Führungslos an der Spitze sind die Grünen damit nicht. Marianne Weiß wurde im Amt bestätigt. Ihr Ergebnis: 32 Ja-Stimmen, sieben Nein-Stimmen. Bei den Grünen gibt es die Aufteilung, dass die Führung mit einer Frau und einem Mann besetzt ist, die kein Mandat haben, also nicht im Stadtrat, Bezirkstag, Landtag oder Bundestag sitzen. Die Position des männlichen Vorsitzenden, der bei den Grünen den Titel „Sprecher“ hat, ist vorerst verwaist. Bei der nächsten Versammlung muss dann nochmals gewählt werden.

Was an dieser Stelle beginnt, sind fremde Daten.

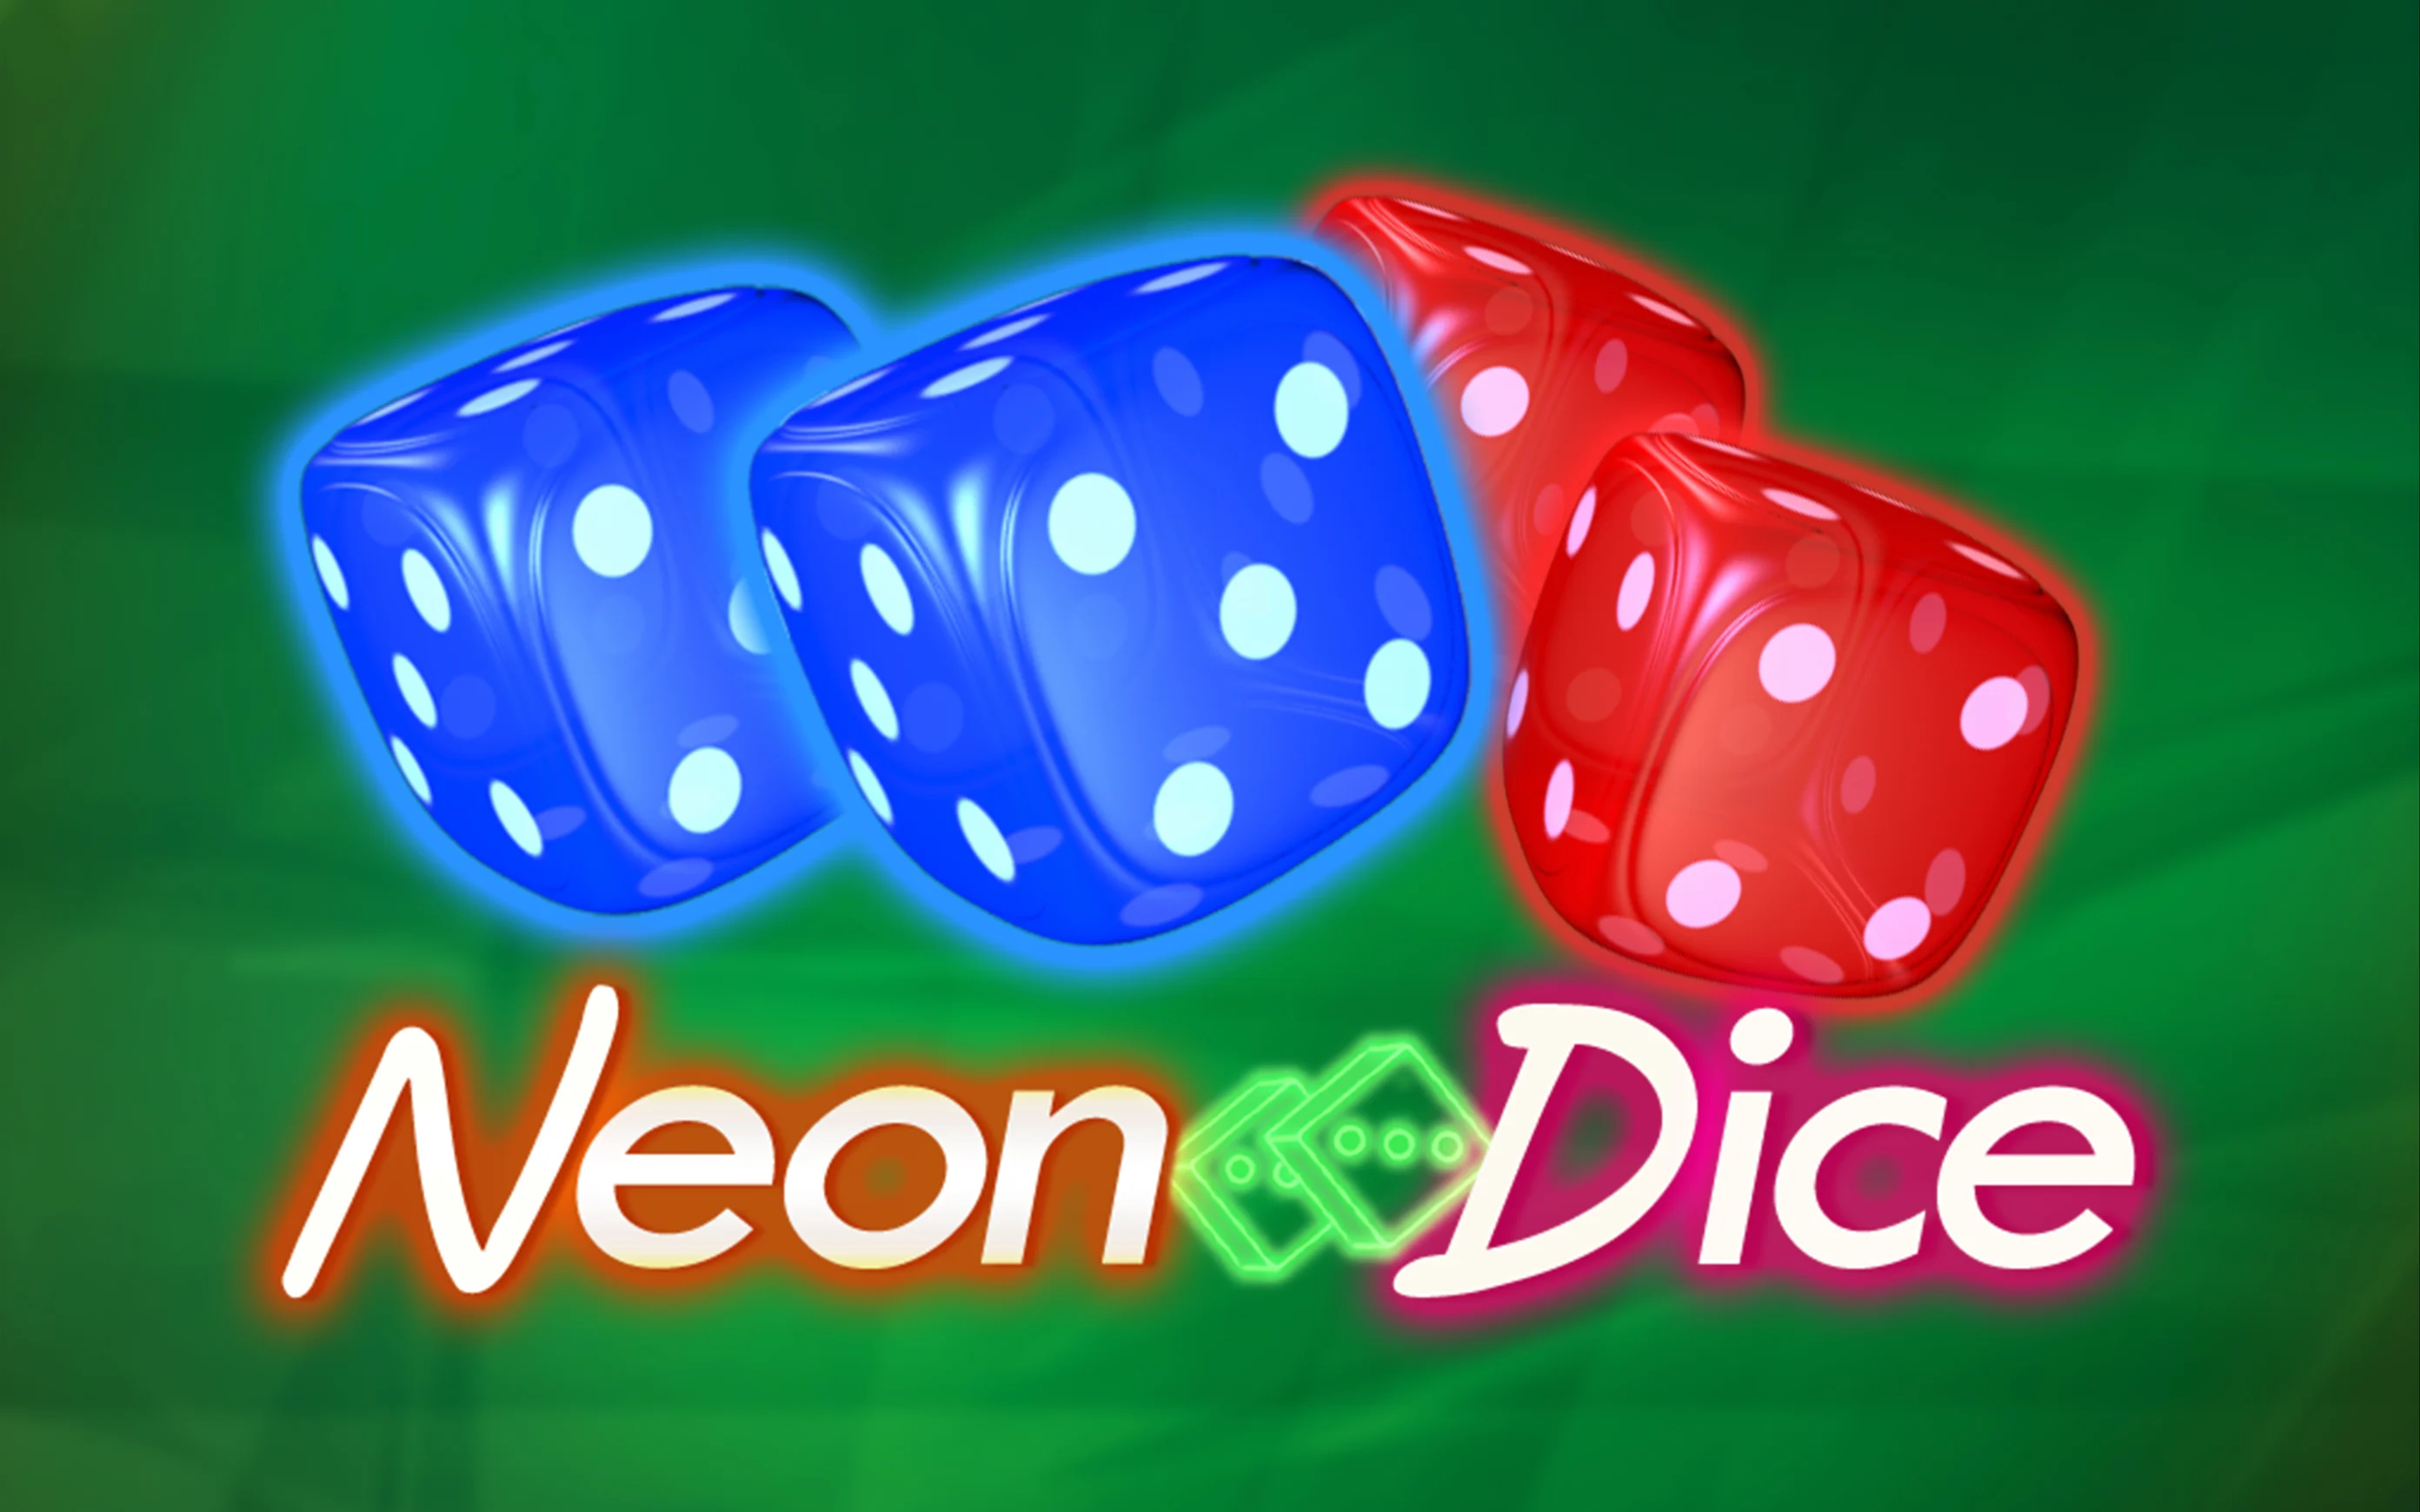 Play Neon Dice on Starcasino.be online casino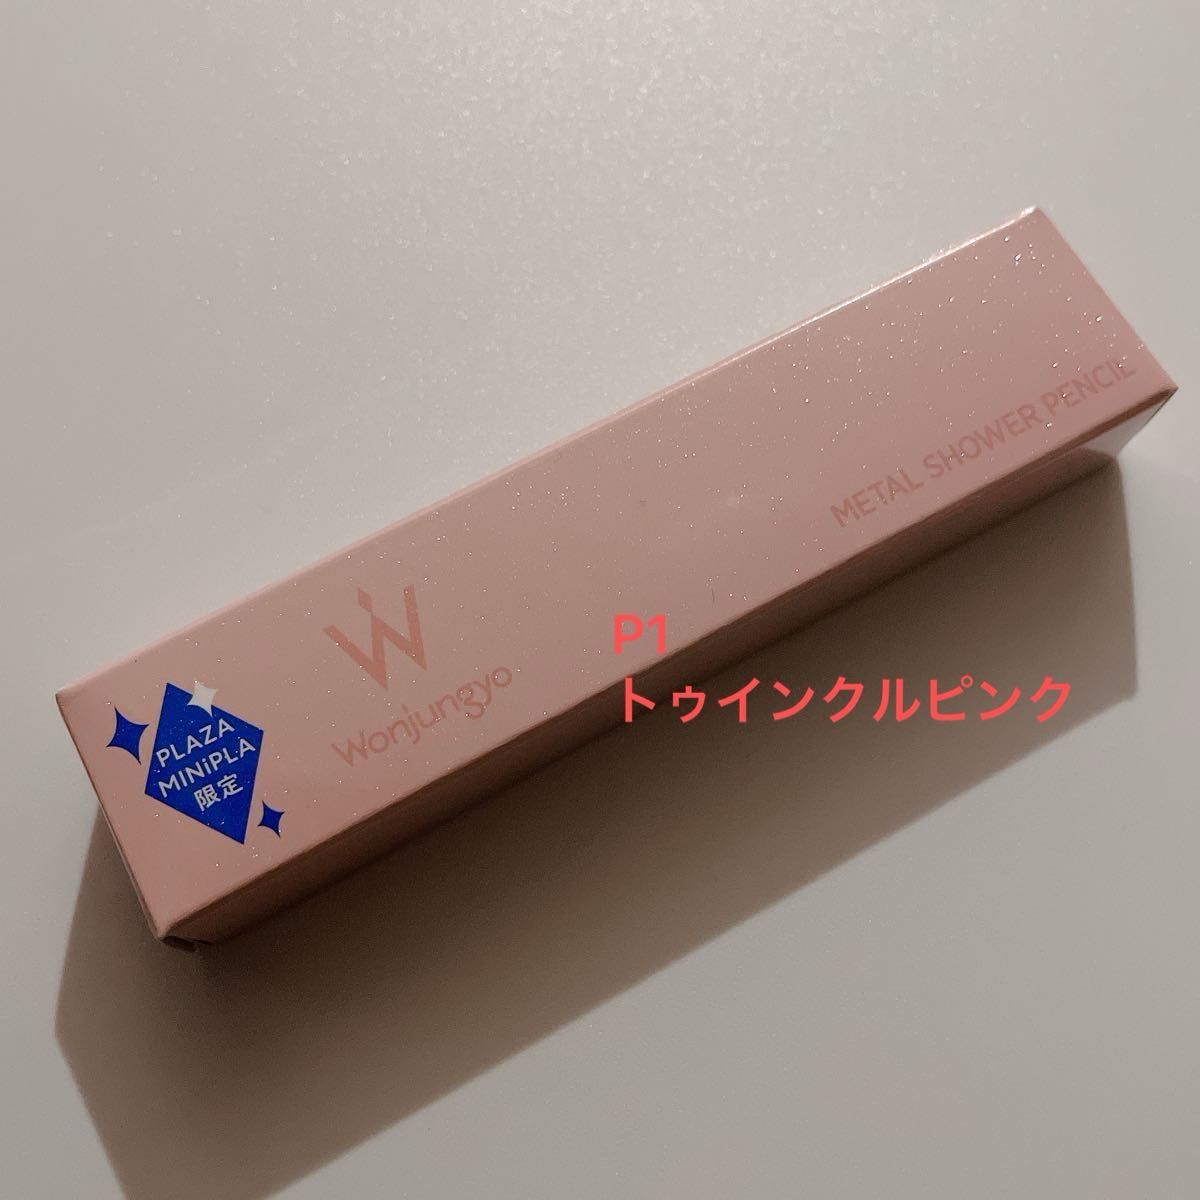 Wonjungyo ウォンジョンヨ メタルシャワーペンシル  P1トゥインクルピンク PLAZA限定カラー

Am Tag danach sagt Strobel, der sechs Jahre lang an der Parteispitze gestanden hatte, zu seinen Beweggründen: „Es war zunächst ein Bauchgefühl, das mich zu diesem ungewöhnlichen Schritt getrieben hat. Aber ich sah keine Grundlage mehr für eine vertrauensvolle Zusammenarbeit.“ Er stehe zu diesem Schritt, auch nach einer Nacht, die er darüber geschlafen habe. Ein Zurück, also eine erneute Kandidatur, werde es nicht geben. Der Partei bleibt der 34-Jährige treu, Strobel arbeitet im Wahlkreisbüro der Bundestagsabgeordneten Claudia Roth. Strobel hatte in seiner Bewerbungsrede vor der Wahl Dinge angesprochen, die aus seiner Warte bei den Augsburger Grünen im argen liegen. Es werde zu wenig über Inhalte diskutiert, sagt Strobel, „teils wird dann aus dem Hintergrund geschossen“. Ausschlaggebend für seine Entscheidung, die Wahl nicht anzunehmen, sei auch gewesen, dass in der Aussprache keine Kritik geäußert wurde. Strobel sagte am Donnerstag: „Ich sehe mich als Vorsitzender nicht als unersetzlich. Ich will auch gar nicht bewerten, ob mein persönliches Ergebnis nun gut oder schlecht ist. Aber ich erwarte, dass die Kritiker nun selbst in die Verantwortung gehen.“ Die Personalie zeigt, dass es bei den Grünen rumort. Parteiintern gibt es nach wie vor Kritiker, die die Regierungsbeteiligung der Partei im Augsburger Rathaus ablehnen. Auch die Debatte um Fusion der Stadtwerke hat Gräben aufgerissen. Strobel gilt als grüner Politiker, der sich sowohl für die Regierungsbeteiligung eingesetzt hat als auch für einen abgewogenen Kurs in der Fusionsfrage. Strobel wird dem Lager von Umweltreferent Reiner Erben und der Fraktionsvorsitzenden Martina Wild zugerechnet. Das strikte Nein der Basis zur Fusion, das bei einer Versammlung im April ausgesprochen hatte, war nicht im Sinn von Strobel, Wild und Erben. Das ist bekannt. Sie hätten es lieber gesehen, wenn die Entscheidung zu einem späteren Zeitpunkt gefallen wäre – mit dann womöglich einem anderen Ausgang.